И, хотя в моей голове роятся десятки мыслей, потому что я пытаюсь понять, как мне помочь Грейс, не потеряв себя, не дав тьме поглотить себя, я не могу оставить его один на один с его тоской.
Может быть, Джексон и придурок – и даже не «может быть», а точно, – но он все равно мой младший брат, и я просто не могу не обращать внимания на то, как он изображает благополучие, тем более что за последние несколько дней он столько всего потерял – в том числе одного из тех немногих людей, которым он доверял и которых любил.
И, конечно, дело усугубляет чувство вины, терзающее меня из-за того, что Грейс выбрала не его, а меня. Нет, я бы не стал ничего менять – потому что Грейс моя. Моя пара, мое сердце, моя душа. И так будет всегда. Я не могу и никогда не буду сожалеть, что она выбрала меня.
Но это не значит, что я не переживаю из-за Джексона. Я знаю, каково это, когда ты познал любовь Грейс, а затем оказался вынужден жить без этой любви. Я бы никогда не смог разлюбить Грейс, если бы потерял ее, так что если ему нужно время, чтобы справиться с этим, то я вполне его понимаю.
Поэтому я спрашиваю:
– А ты уверен, что у тебя все путем?
Сейчас мне совсем не хочется вести разговор по душам, ведь меня неотступно преследуют лица – преследуют души – тех человековолков, которых я уничтожил в Кэтмире, но ради Джексона я пойду на такой разговор. Это я должен для него сделать.
– Да, все путем. – Но он, сгорбившись, плюхается на диван, крутя между ладонями бутылку с водой и по кусочкам сдирая с нее этикетку.
– Тебе больно? – спрашиваю я.
Его взгляд на мгновение встречается с моим, и опять в его глазах отражается боль, пока этот чертов сопляк не заставляет себя скрыть ее.
– Мое сердце в порядке.
Я не знаю, что он имеет в виду – тот факт, что наш отец едва не убил его своим вечным укусом, и он получил драконье сердце, или же он говорит о метафизической части своего сердца. О той части, которая разорвалась, когда узы его сопряжения с Грейс распались, что едва не уничтожило его душу.

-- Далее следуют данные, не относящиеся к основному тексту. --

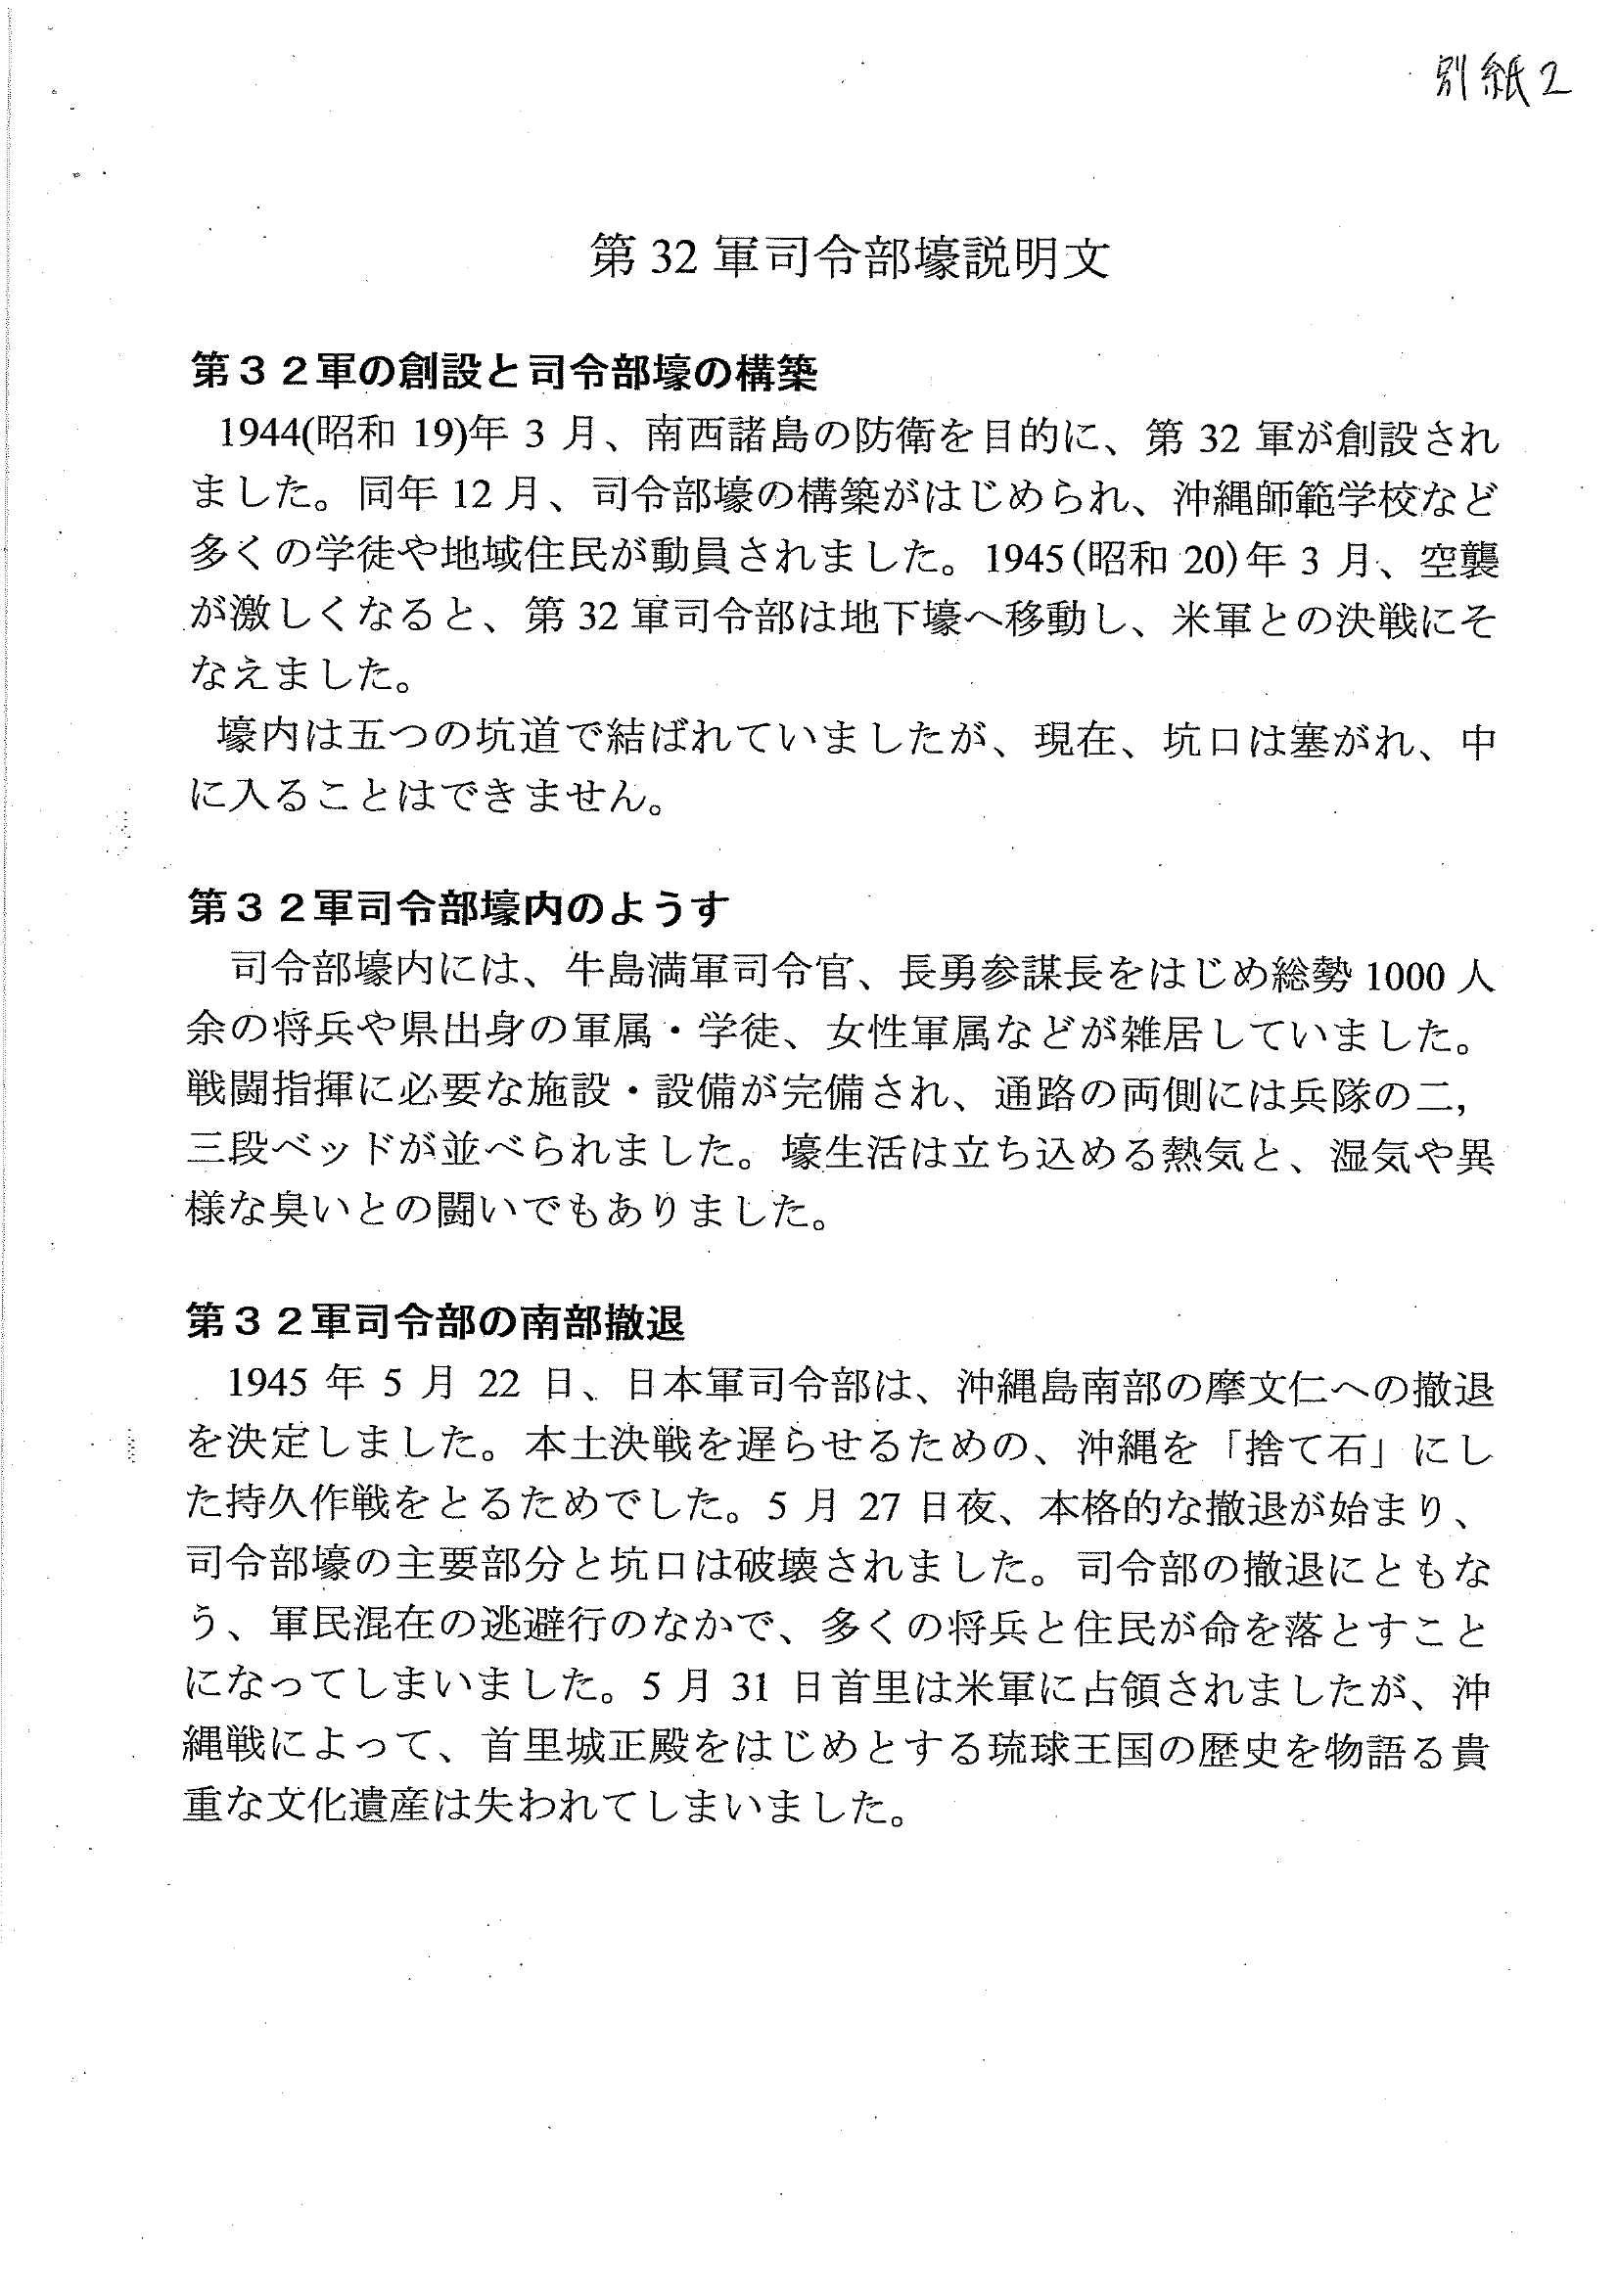 setumeibun_kensyusei-1.jpg

Вместо того, чтобы добиваться от него ответа, который не был бы отговоркой, я, решив удовольствоваться малым, спрашиваю:
– На что это похоже?
– О чем ты? О том, как я едва не погиб? – Он поднимает одну бровь.

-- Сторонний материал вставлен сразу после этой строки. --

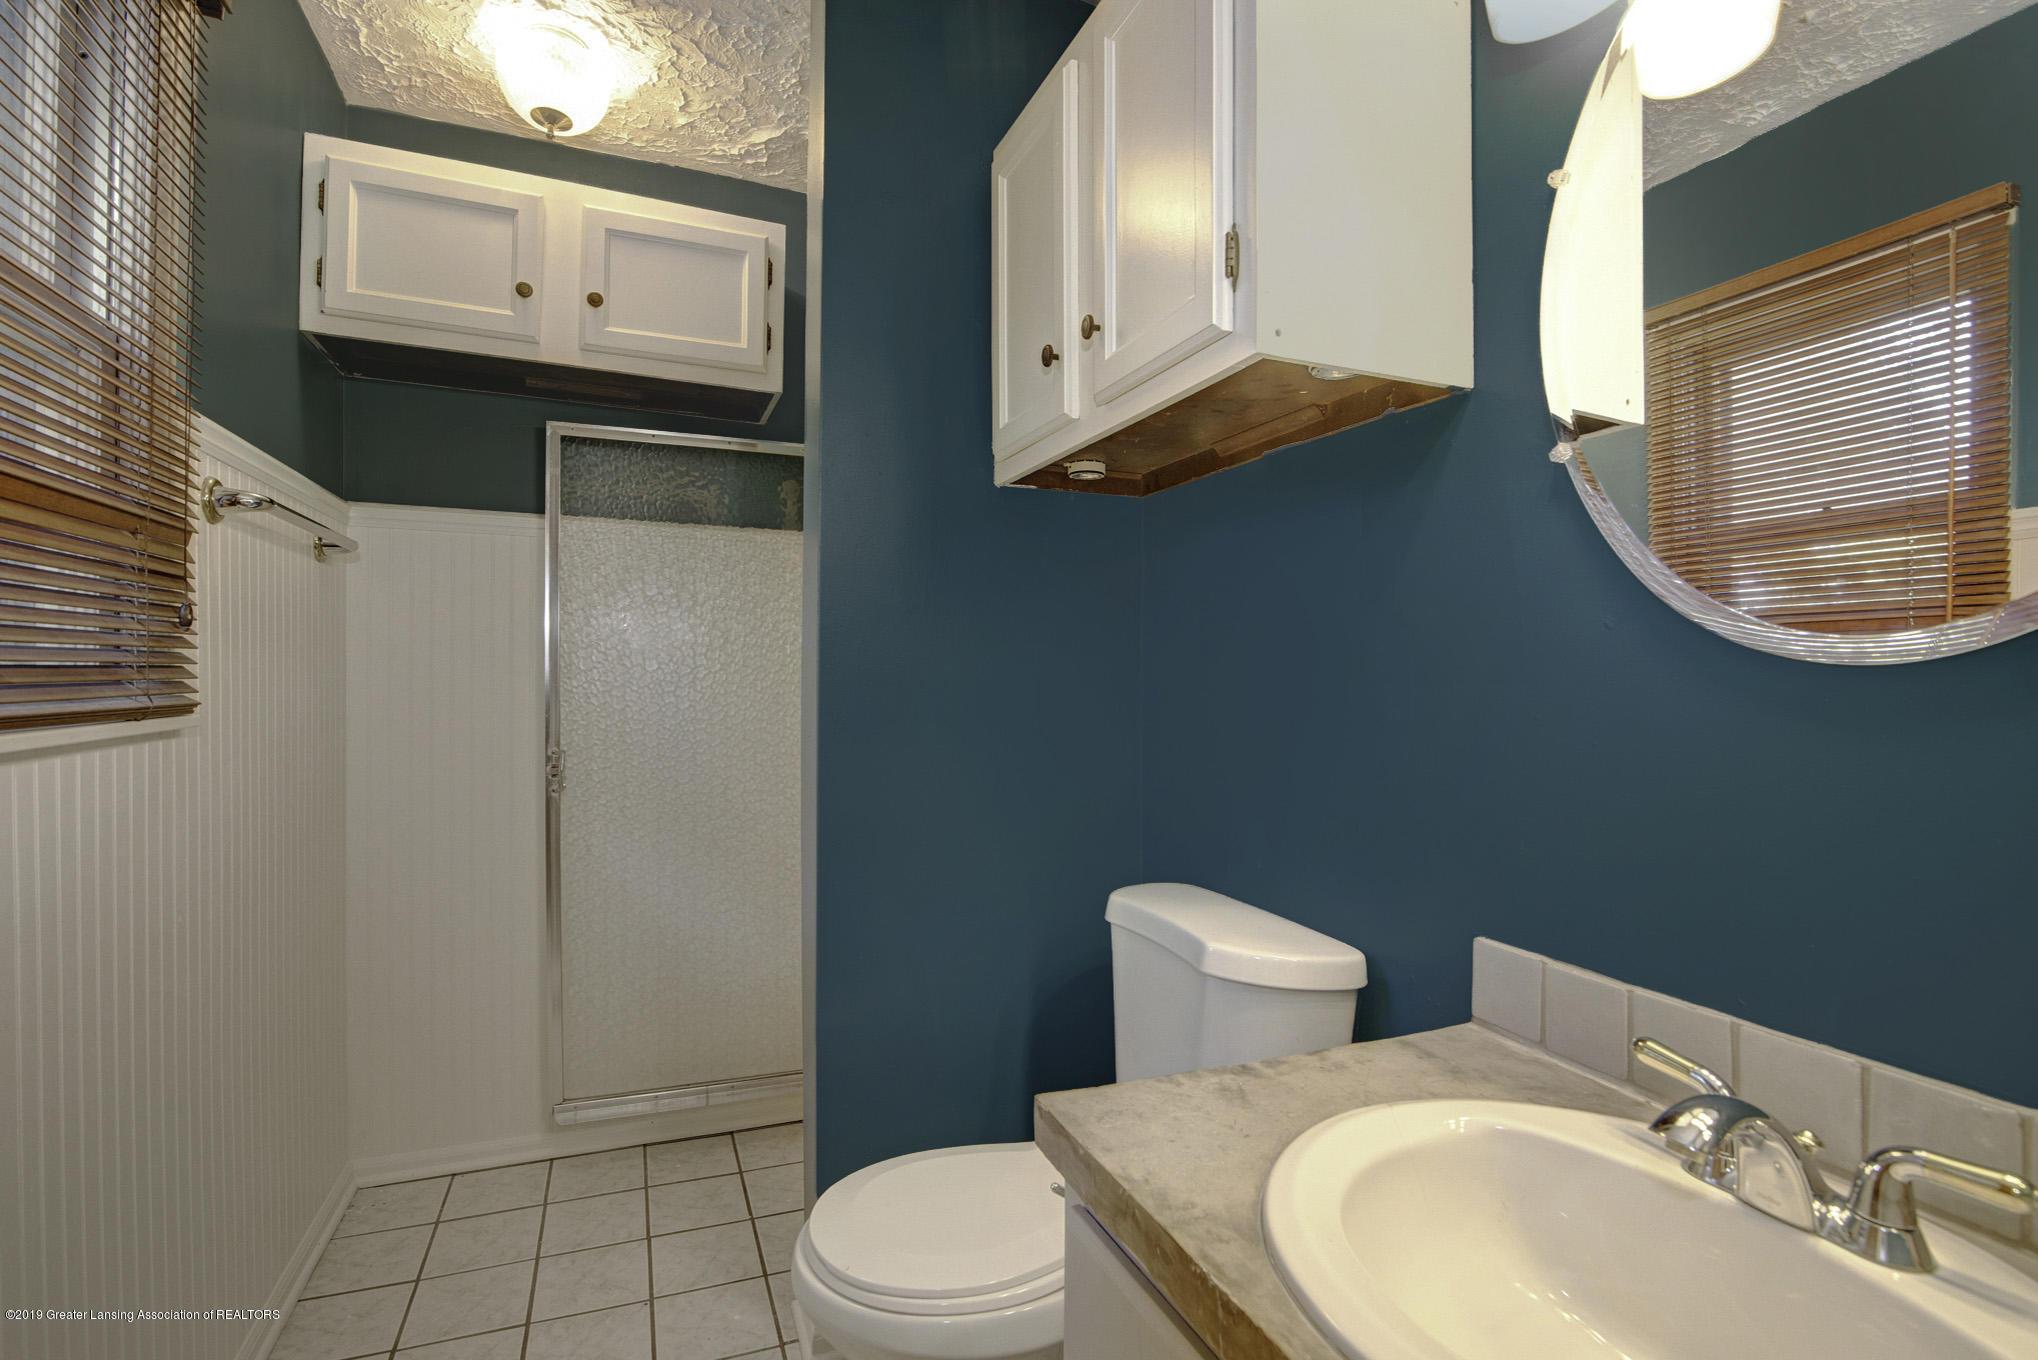 1417 Spearberry Ln - Bathroom - 18

– Нет, рассказывать об этом мне не нужно – наш дорогой папаша сделал так, что я прошел через это еще до того, как мне исполнилось пять лет. Я говорю о том, каково это – иметь сердце дракона.
Но пол падает еще один кусок этикетки. Вероятно, с этим придурком все-таки не все путем. И немудрено.

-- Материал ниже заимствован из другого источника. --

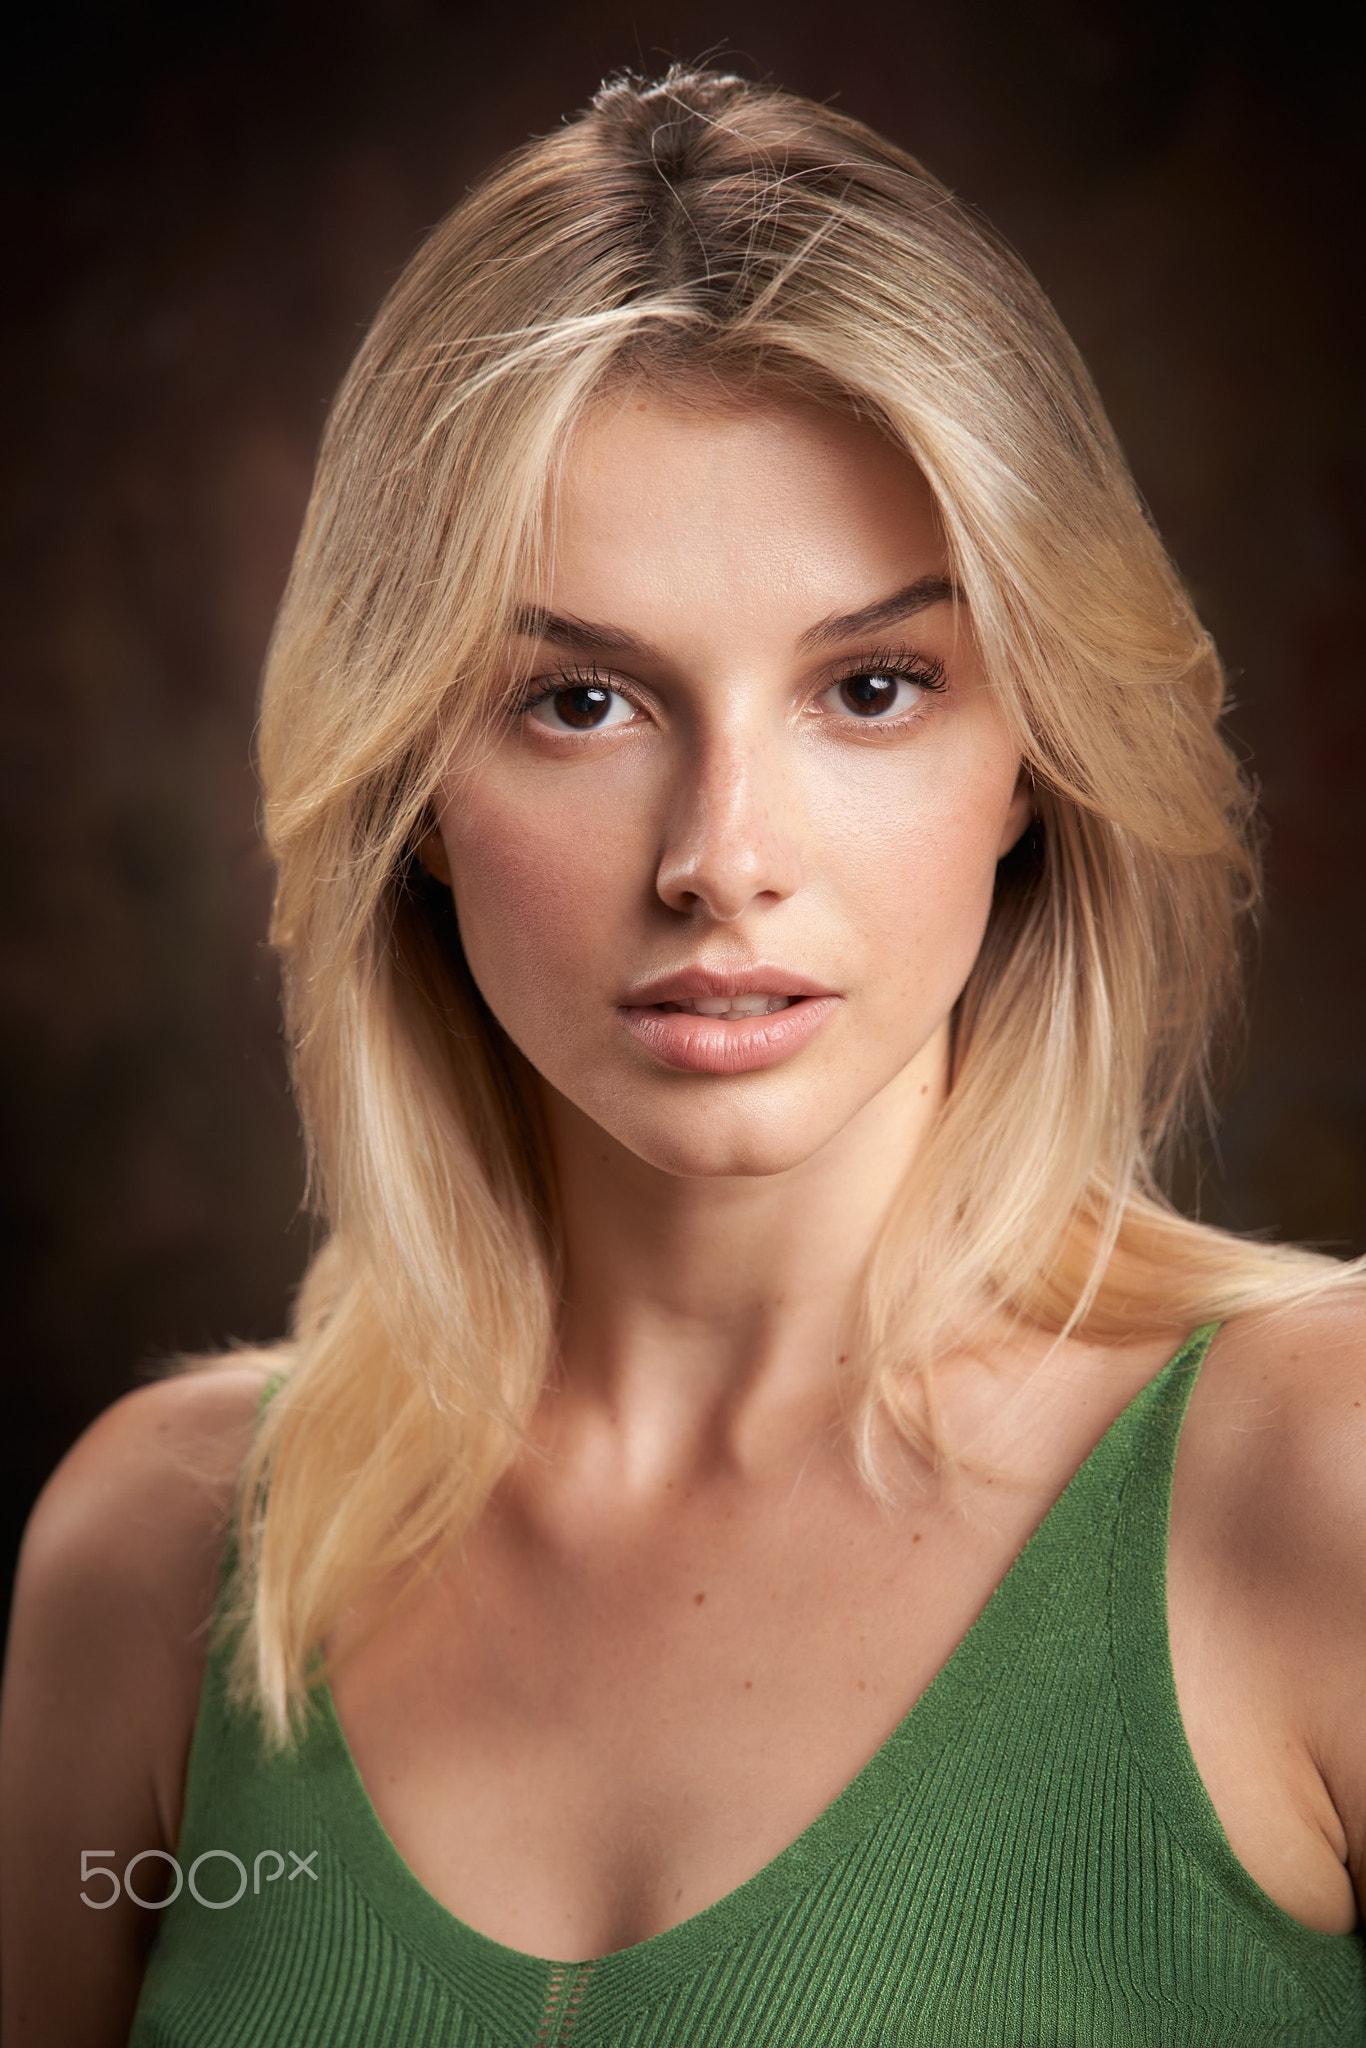 Alexander Vinogradov Women Blonde Looking At Viewer Green Clothing Portrait Simple Background 1366x2048

– Все нормально. – Он продолжает крутить в ладонях бутылку. – По крайней мере я жив. Только это и имеет значение, не так ли?
– Если ты просишь у меня подтверждения…
– Хватит. Отвали, – ворчит он.
В эту минуту он говорит с таким сильным британским акцентом, что у меня вырывается смех. Что только делает его сварливей.
– Ты смеешься потому, что я остался жив? Или потому, что я едва не погиб?
Я едва удерживаюсь от того, чтобы закатить глаза, как это делает Грейс. Как же этот парень любит драматизировать.
– А сам ты как думаешь?
– Я думаю, что я разбит в хлам. – Но как только эти слова слетают с его уст, ему, похоже, хочется взять их обратно.
Но я не дам ему это сделать. Ведь это первые правдивые слова, которые я сегодня услышал от него.
– Мне кажется, мы все сейчас в разбиты в хлам. Ведь мы столько всего пережили за последние дни.
Я стараюсь не думать о том, как в Кэтмире на Грейс напали человековолки и как я в мгновение ока уничтожил их. Я стараюсь не думать о том, кем они были, о том, были ли у них семьи, мечты или пары, которые ждали их дома.
Джексон фыркает.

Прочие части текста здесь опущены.